State Senator David Paterson’s bid to be Eliot Spitzer’s candidate for Lieutenant Governor and campaign-trail partner was launched last month in a flurry of confusion and political intrigue. It stunned his Harlem-based world, and left him for a few days opposed by a candidate who had been endorsed by his wife and father. And when things settled down, Mr. Paterson unsettled some of Mr. Spitzer’s supporters with a public promise of a “Paterson-Spitzer administration.”

Those who follow the Harlem Senator’s career were not surprised.

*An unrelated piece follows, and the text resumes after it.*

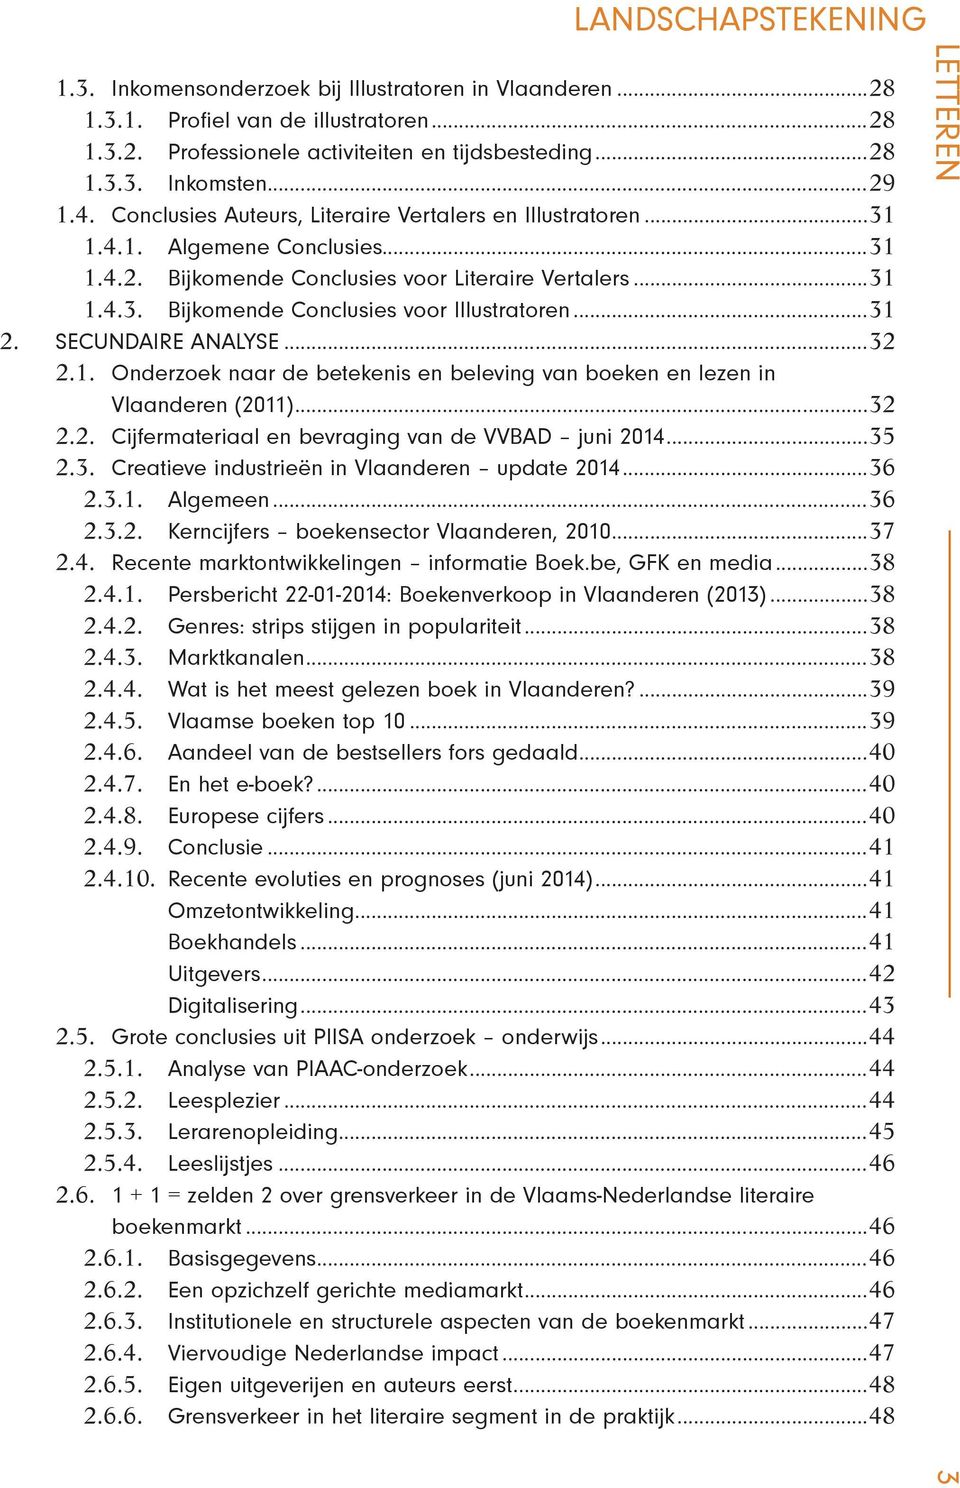 ..31 2. SECUNDAIRE ANALYSE...32 2.1. Onderzoek naar de betekenis en beleving van boeken en lezen in Vlaanderen (2011)...32 2.2. Cijfermateriaal en bevraging van de VVBAD juni 2014...35 2.3. Creatieve industrieën in Vlaanderen update 2014.

Mr. Spitzer selected a man described as “a living contradiction” by one longtime associate. Indeed, Mr. Paterson’s 20 years in public life have been characterized by an array of contradictions, some of them openly stated, many irreconcilable. He’s a maverick champion of the younger generation whose Senate seat was handed to him, via a special election, by top Harlem Democrats allied with his powerful father, Basil Paterson. He’s a self-described reformer who spent nearly two decades in a comfortable political sinecure before launching a reform campaign as Senate Minority Leader.

The contradictions extend to his official biography: for years it stated, falsely, that he had been born and raised in Harlem, and it offered a shifting description of his legal career. His stance on a defining issue, the death penalty, is nuanced to the point of contradiction.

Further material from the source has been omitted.